Our patient presented with angina. As she had normal epicardial coronary flow, her angina was probably due to significant run off through the fistula causing a coronary steal. In our case we did not find any thrill or continuous murmur as the LCx was involved. As congenital coronary fistula can be corrected with surgery, the patient was referred to a cardiothoracic surgeon, but the patient refused to go for any surgery.

 

References

1.  Hoffman JIE. Congenital Anomalies of the Coronary vessels and the aortic root. In: Moss and Adam. Eds. Heart Disease in Infants, Children and Adolescents. 4th edition. Williams and Wilkins, Baltimore, 1989: 769-790.

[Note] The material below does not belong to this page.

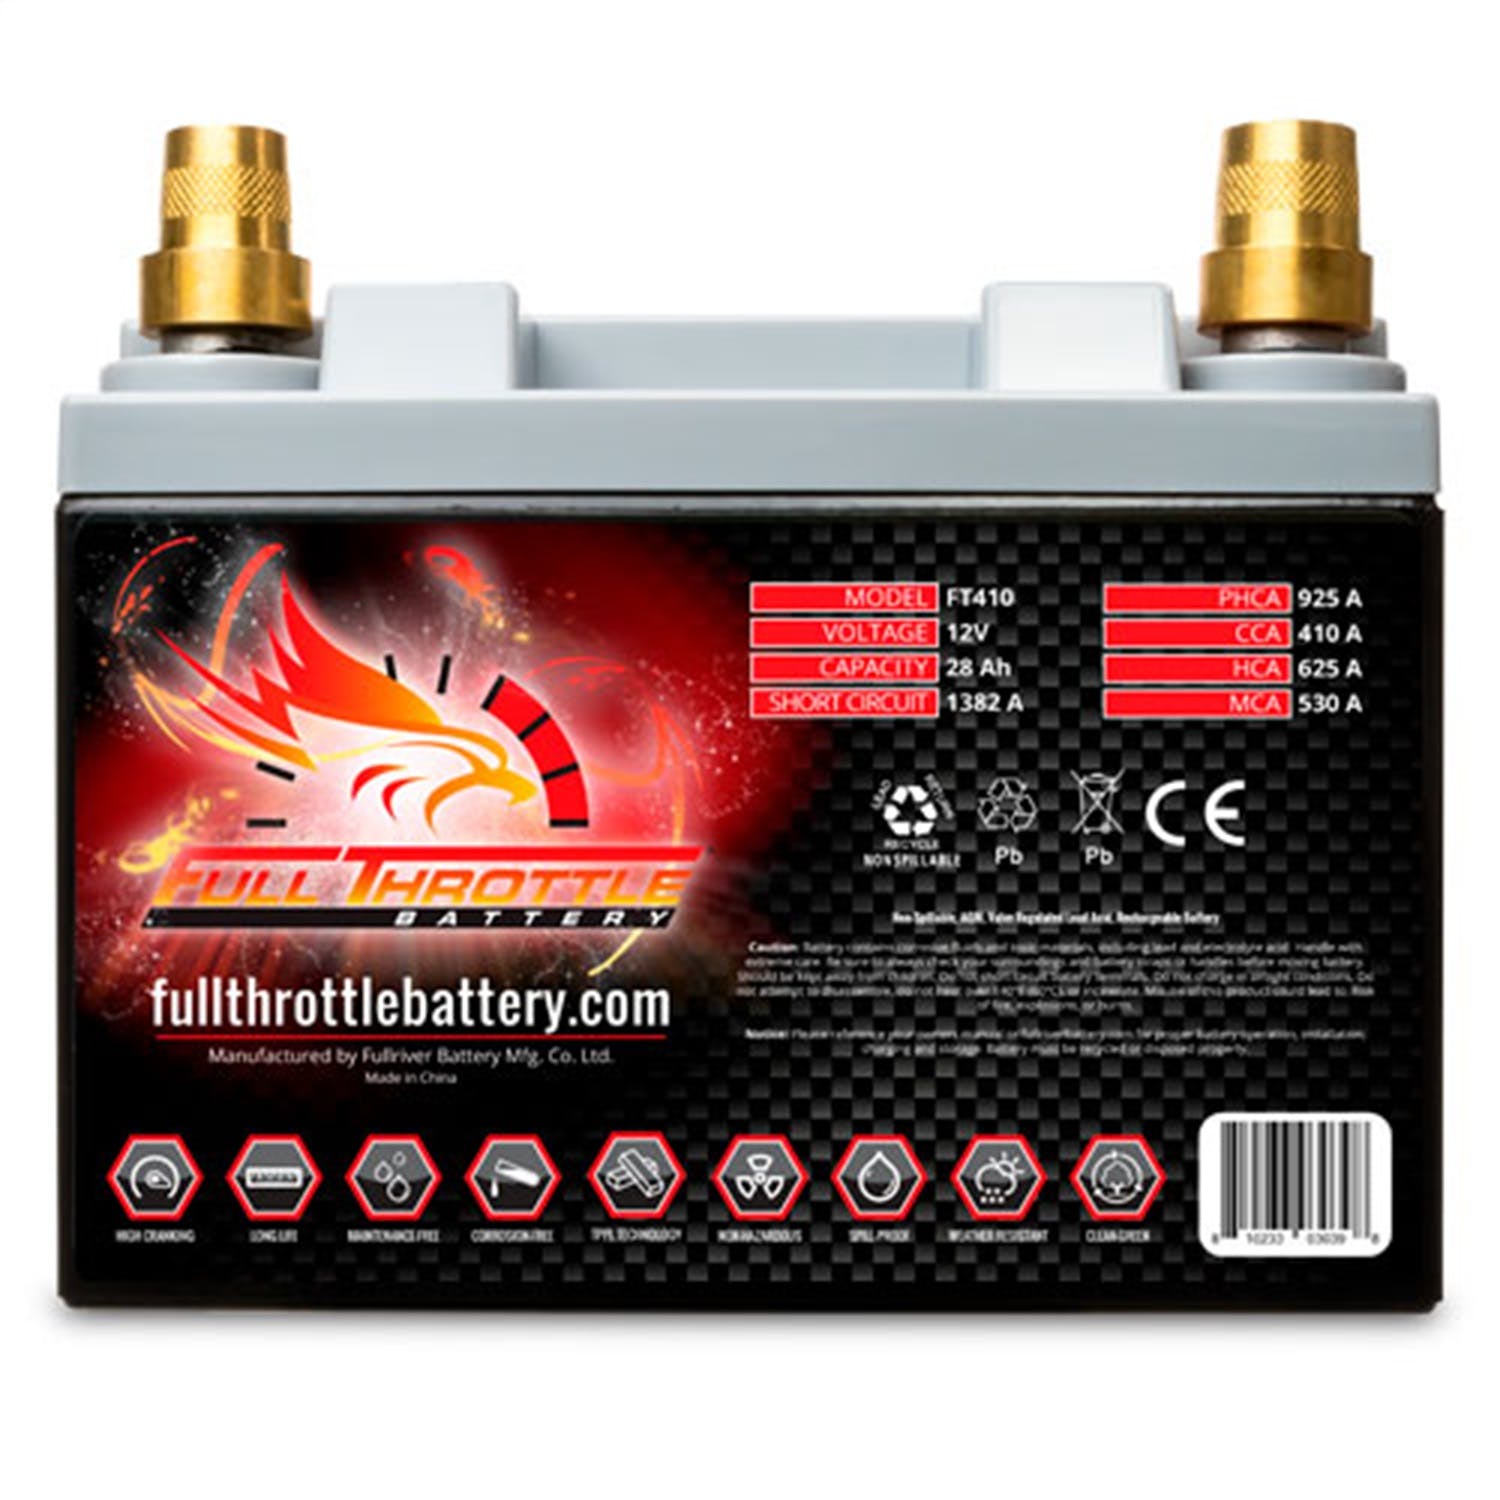 Fullriver Battery FT410 Full Throttle 12V Power Sports Battery

2.  Athanasias DA, Ommen VV, Bar F: Coronary artery-pulmonary artery fistula originating from the left anterior descending artery: A case report and literature review. Hellenic J Cardio 2002, 43: 78-81.

3.  Darwazah AZ, Hussein IH, Hawari MH. Congenital Circumflex Coronary arteriovenous Fistula. Texas Heart Institute Journal 2005; 32: 56-59.

4.  Pelech AN (18 July, 2002). Coronary artery fistula. Available from: eMedicine. com/PED/Topic 2505.htm [Accessed 6th Dec. 2005]

5.  Friedman WF, Silverman N. Congenital Heart Disease in infancy and childhood. In: Braundwald E, Zipes DP, Libby P. Eds. Heart disease 6th edition WB Saunders, Philadelphia, 2001: 1505-1582.

6.  Futon DR and Freed MD. The pathology, pathophysiology, recognition and treatment of congenital heart disease. In: Fuster V, Alexander RW, O’Rourke RA. Eds. Hurst’s The Heart. 11th edition; McGraw-Hill, New York, 2004: 1785-1844.